Also known variously as Influx, In/Out and StopGo, filter is a term for the border areas on the edge of the PZs through which traffic enters or leaves the area. Depending on the area, barriers range from raisable poles to switchable laser-curtains. No PZ has a completely open gateway. More importantly, perhaps, filter is also where the incoming trucks stop to unload their containers and pick up a new load for the return journey. Truck parks are very well fortified, usually guarded by electrified fences, armed guards and IR-enhanced German Shepherds; they form strong points along the perimeter of the PZs.
Desert Roads & Dirt Tracks
Beyond the cities the roads run forever, slicing up the dusty, lifeless land of the new Wild West, the Second Frontier. As the sand creeps ever onward, the land becomes more and more deserted, the roads open and free! Well, sporadically. As the desert gradually encroached on the more populated areas, some Americans saw the ecological catastrophe as the beginning of a new frontier spirit. They stayed where they were, and others moved from the overcrowded cities to join them in their rickety settlements. The roads link them together, running like asphalt spiderwebs through the cruel terrain. The settlements operate under no-one's jurisdiction but their own; 'sandside justice', as it has come to be known, is to be avoided at all costs. It usually involves a lynching, and is not to be recommended.
Elsewhere, ranches cluster wherever there is a permanent source of clean water. Situated well outside the patrol areas of the state security police, many ranch houses are built like small fortified castles, surrounded by yet more electrified fences and automatic intruder alarms.
The sandside (common term for the desert) roads can be clear for kilometre after kilometre, often lulling inexperienced drivers into a false sense of security. This is Outlaw Country. You meet someone on the road, all he wants to do is kill you and take everything you have. Unless you manage to kill him first. On two wheels or four, the biker gangs and crazed loners patrol their territory, stalking their prey like wolves. Stalking them, of course, are the Ops and the bounty hunters. It's war out there.
State authorities, their powers stripped by government privatisation and ecological collapse, have in many areas licensed out road ownership to private companies. Toll roads have an obvious disadvantage in that it costs money to travel on them (or at least to join them via the toll-gates), but this is counter-balanced by better road surfaces, and aerial and land-based security patrols. Problems come because many of the vehicles who use such roads are driven by inexperienced city-dwellers who seem to believe that they are now perfectly safe from attack. This attitude just leads to trouble, with the more organised gangs launching full-scale assaults on the highways in expectation of easy pickings. It isn't so easy to have a serious man-to-man duel on a privately-owned highway, however, without also bringing along the rest of one's gang to ride shotgun and keep off the lawmen while you finish your business.
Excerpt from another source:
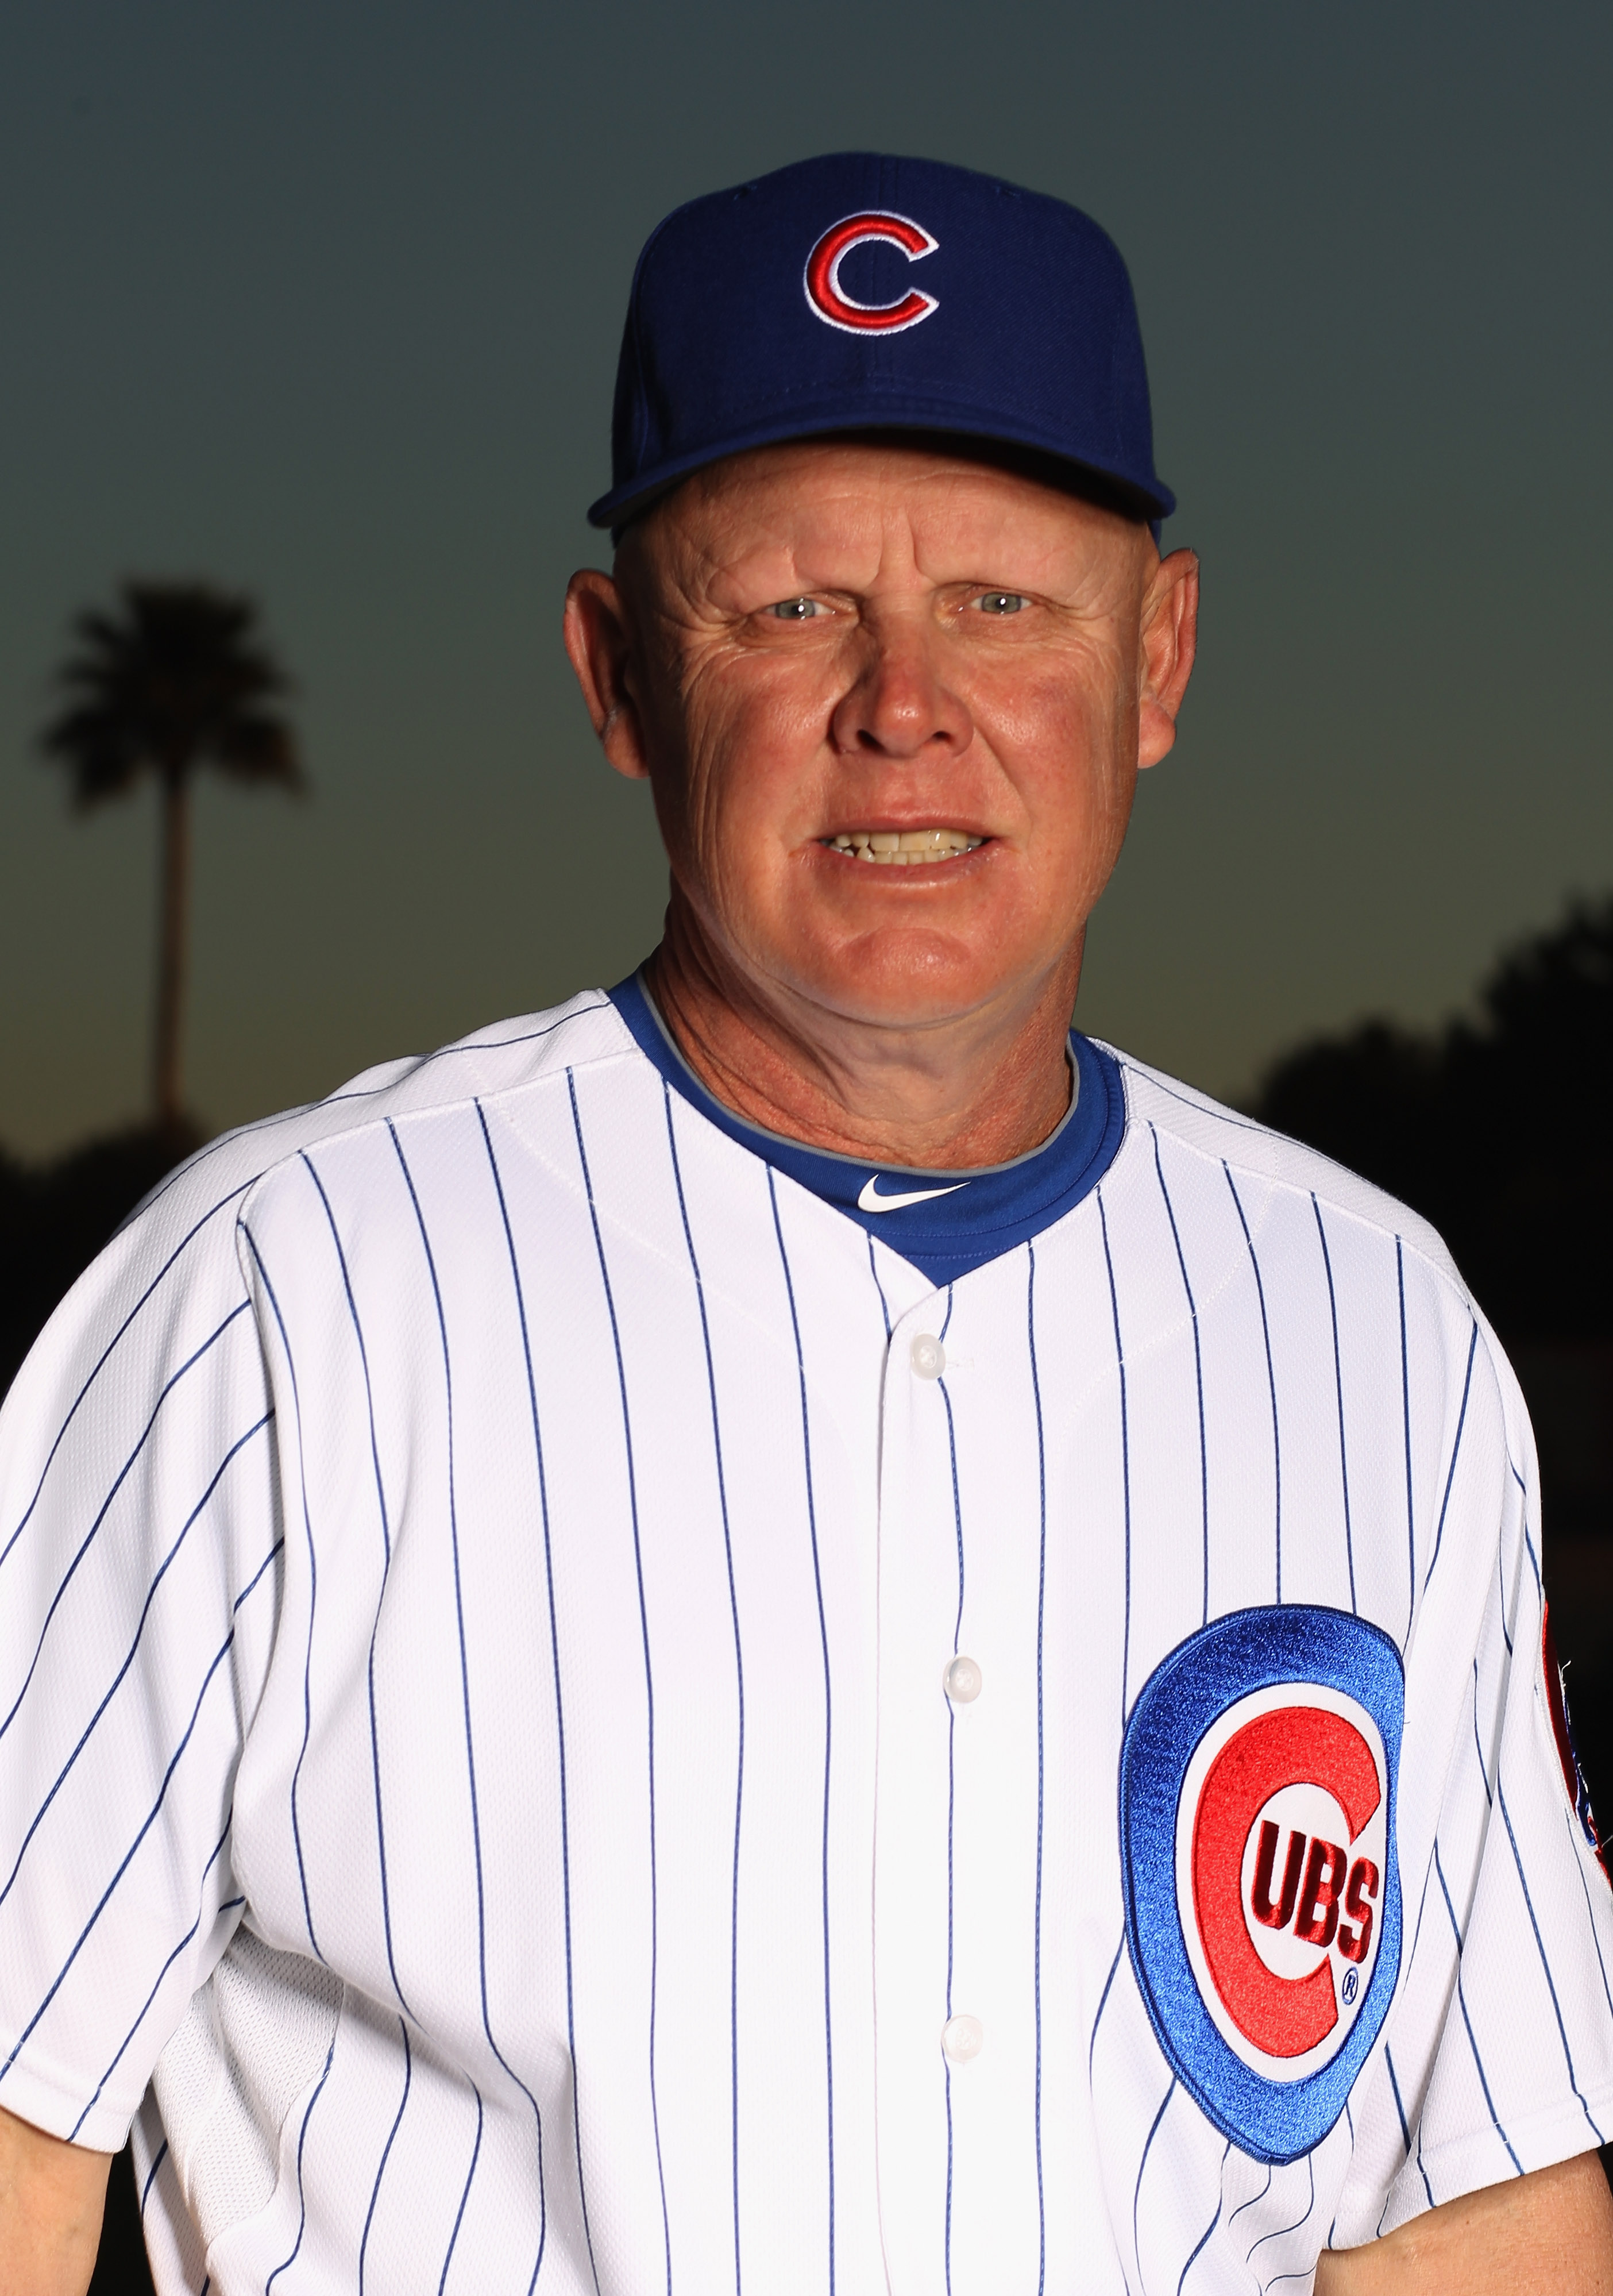 MESA, AZ - FEBRUARY 22:  Manager Mike Quade of the Chicago Cubs poses for a portrait during media photo day at Finch Park on February 22, 2011 in Mesa, Arizona.  (Photo by Ezra Shaw/Getty Images)

Minor routes are theoretically under the protection of the state or county authorities. In other words, no protection at all. Sandside is littered with signs declaring this road or that to be the righteous property of one gang of cut-throat psychos or another.
Most legitimate road users crossing the wilder parts of the central USA do so at very great risk unless they travel in convoys. In the regions close to populated zones there is usually enough security coverage to dissuade all but the most careful small-time bandits from practising their trade, but further out the gangs run wild. Furthermore, because of the potentially rough conditions, trans-continental vehicles have to be very rugged in construction, prepared for assault both from the harsh elements and other road users.
Convoys are getting increasingly larger, because the gangs are becoming more and more daring. The largest corporations run immense trains of armoured lorries patrolled by fast jetcopters which can take off and land from flat-backed trailers while the convoy keeps moving. Further afield, affiliated Ops patrol the backwoods on the look-out for potential trouble. The huge armoured trucks now in use are quite capable of taking out just about anything in their path, and let nothing stand in their way (occasionally a problem when the thing in their way is a police roadblock or a car pile-up!).
However, the larger gangs are becoming more adept (or is that 'crazy enough'?) at actually boarding and breaking into a moving truck. There is little a truck driver can do in such an eventuality save swerve about in the hope of dislodging them, or climb out of the cabin to slug it out man-to-man on the roof of the speeding sixteen wheeler! A few widely-reported incidents of jetcopter pilots ill-advisedly strafing the fuel tankers they were supposed to be protecting have put paid to other remedies.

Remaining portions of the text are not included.